An Implementation of Image Enhancement Algorithm Based on Opencv Document


Because the project needs to enhance the document image, that is, to process the fuzzy, dark or uneven document to facilitate subsequent identification. Image enhancement methods are mainly divided into two aspects: spatial domain and frequency domain. Spatial threshold enhancement method, color enhancement, such as: histogram equalization, contrast and gama enhancement, etc.; blur, such as: mean filtering, etc.; sharpening, such as: local standard deviation to achieve contrast enhancement. Frequency domain methods, such as wavelet transform, operate on the transform coefficients of the image in a certain transform domain of the image, and then obtain the image enhancement effect through the inverse transform. Generally speaking, in actual projects, one or more of these methods may be used for image enhancement. The effect of image enhancement is generally very poor. We are more to fuse these algorithms to achieve the effect we want.

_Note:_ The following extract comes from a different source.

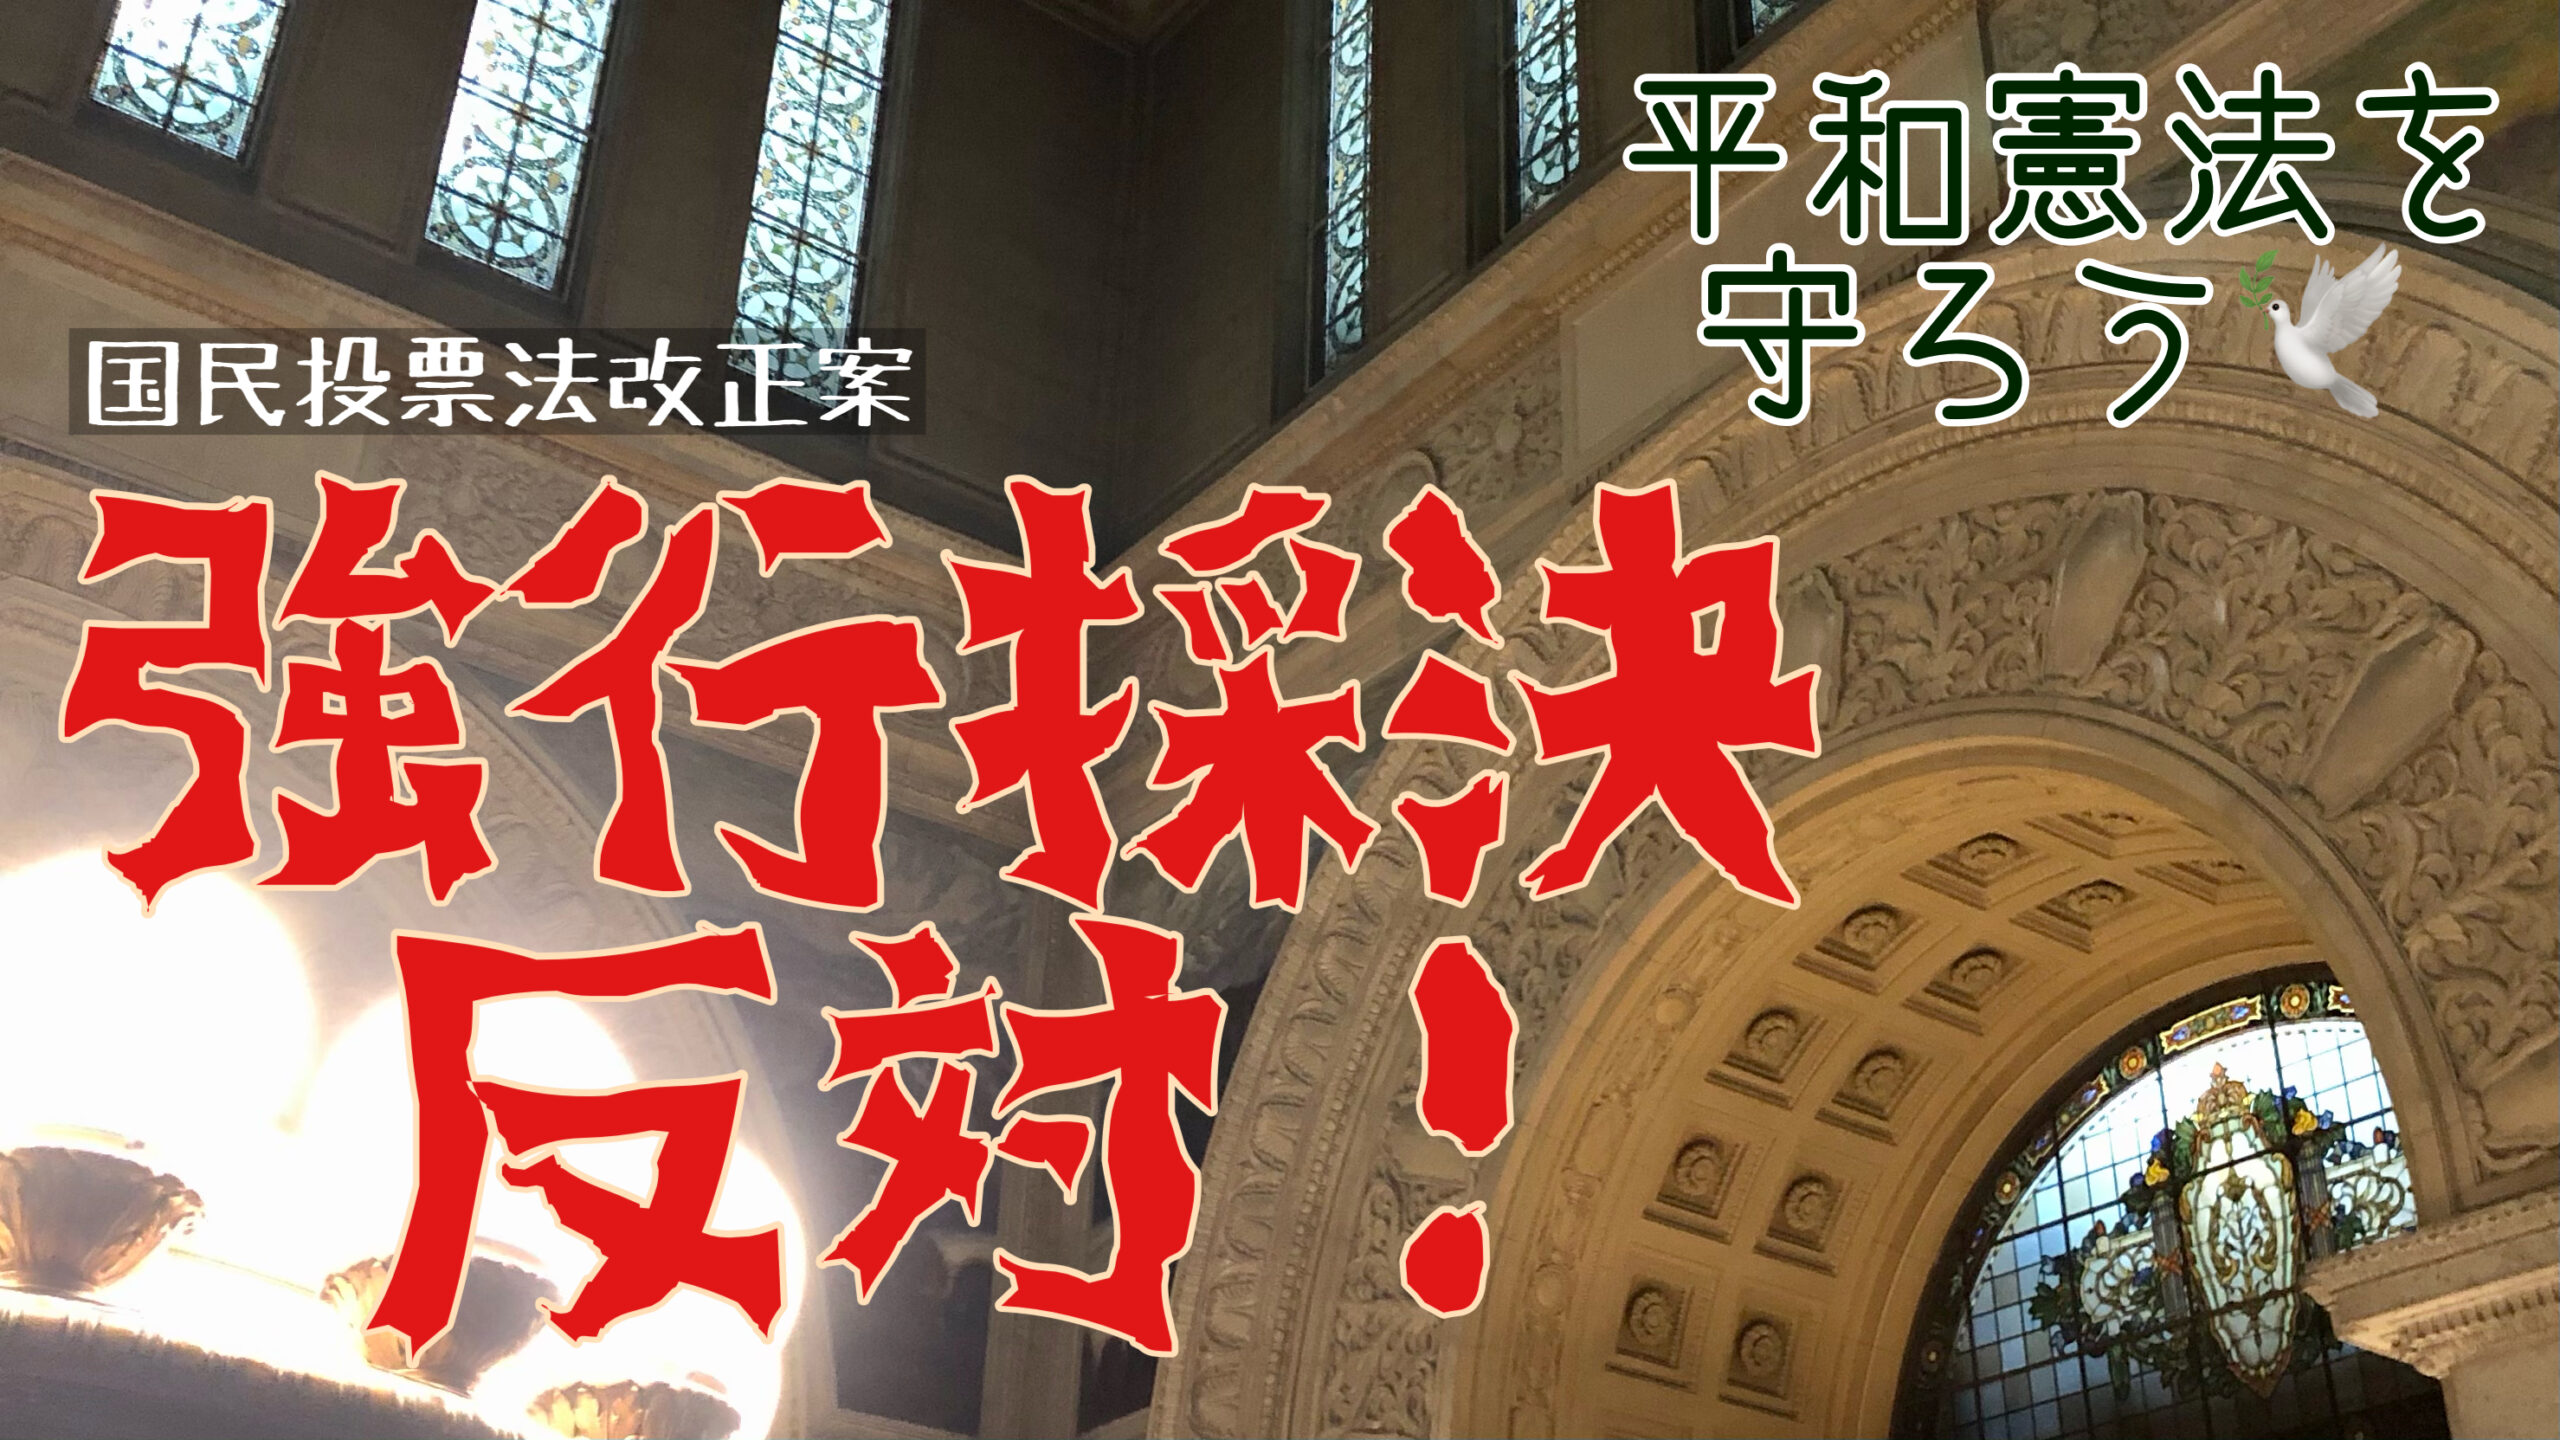 【道民運動】「『改憲手続法』改正案の採決強行に反対する」声明を発出=戦争をさせない1000人委員会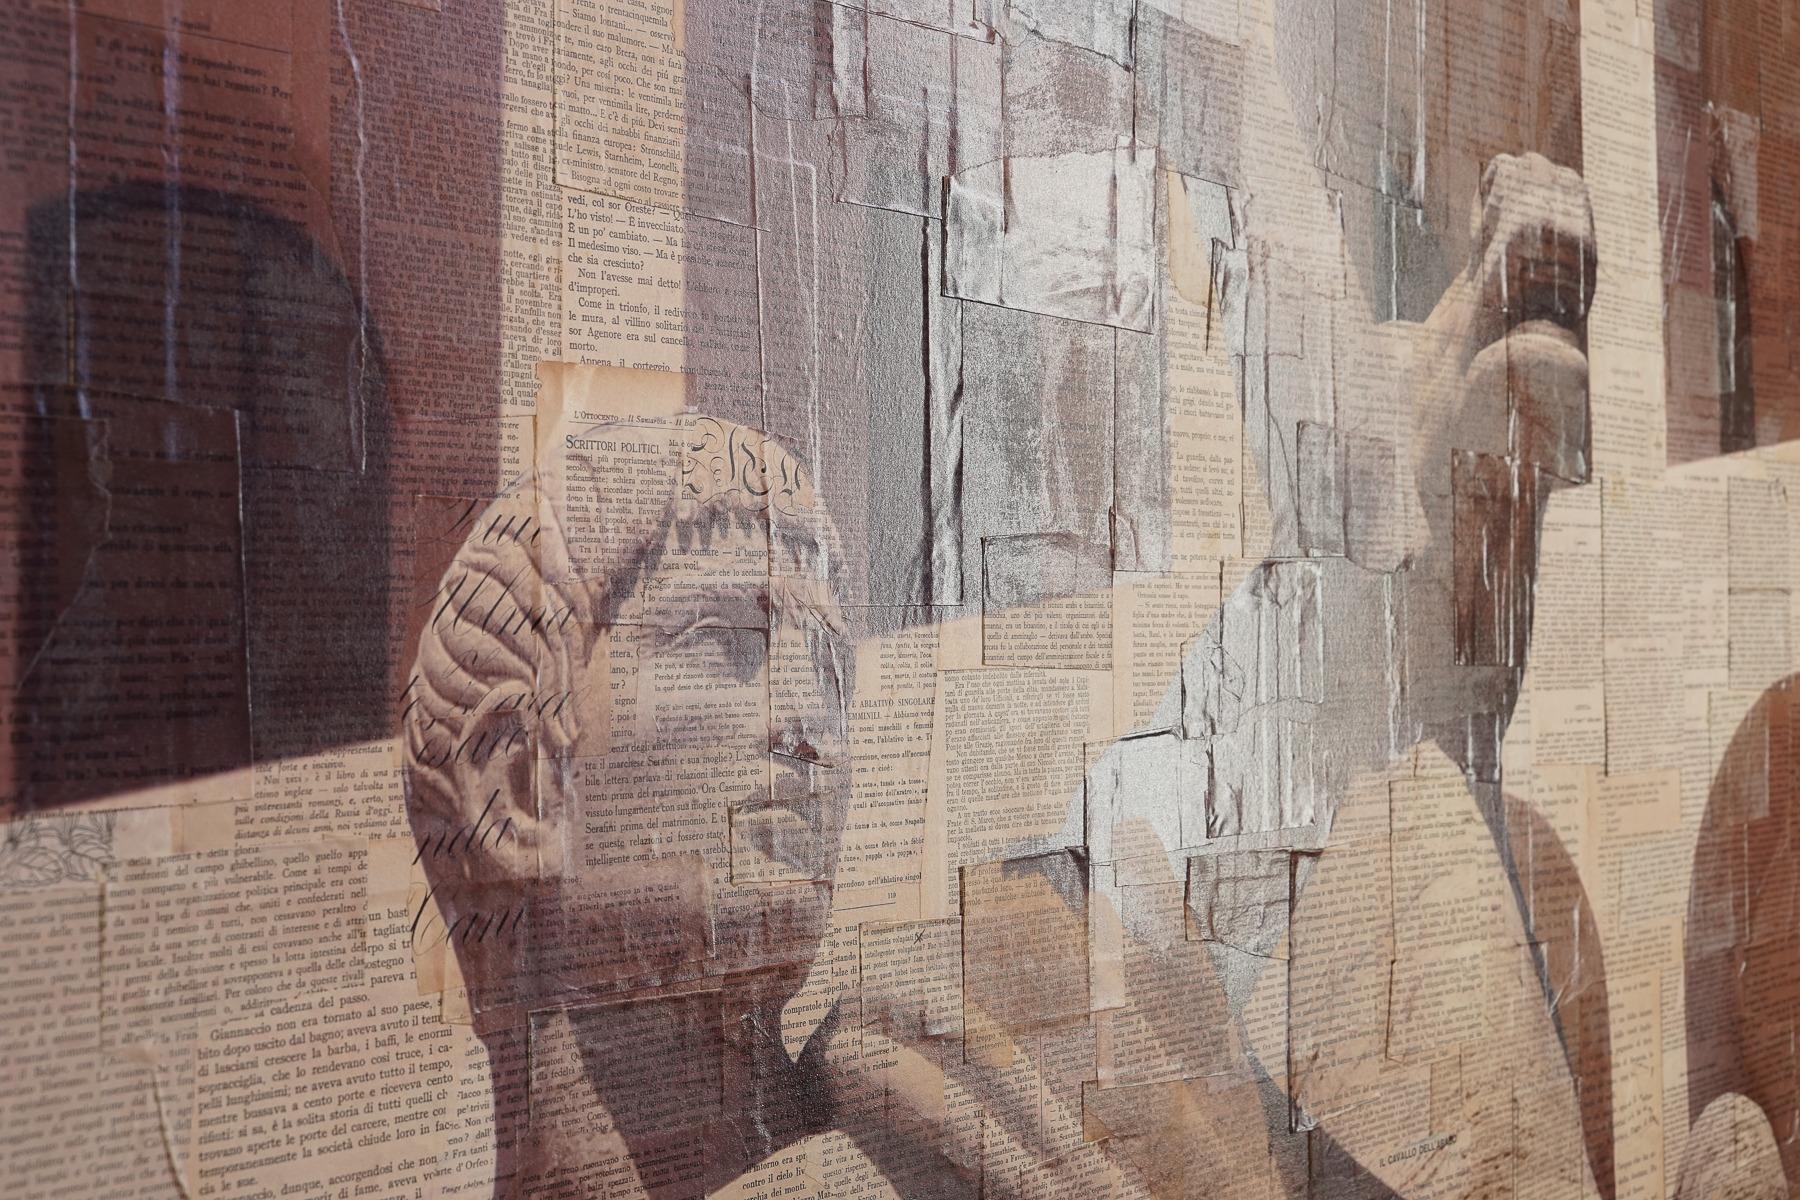 Roma, Prototipo d'eroe - dettaglio, 480x150 cm

1. Image enhancement based on division mode

Suppose we have images A and B, respectively taking pictures of the same scene under different lighting, where A represents the primary color and B represents the mixed color. Then we model the light distribution in this scene to get the calculation formula of the division mode: result color = (primary color/mixed color) *255 .

  • What do you mean specifically?

We analyze the value of each channel and enhance it based on the base color. If the base color value is greater than or equal to the mixed color, the result color is white; if the base color is less than the mixed color, the result will be darker than the base color.

  • Why is this algorithm more suitable for document image enhancement?

We know that document images generally consist of text and background. The text is black and the background is white. If you simply enhance the contrast and the like, it is indeed effective for brighter or darker images, but for documents, this method will make part of the text missing, instead of achieving the effect of enhancement. Image enhancement based on the division mode takes this into consideration. For dark ones, such as fonts, it will become darker, and for bright ones, such as background, it will become brighter.

  • How to achieve it?

The problem specification is images A and B, taking pictures of the same scene in different lighting, then:

Illumination distribution L = A / B

If A and L are known, then B = A / L (B is the result of A de-illuminating)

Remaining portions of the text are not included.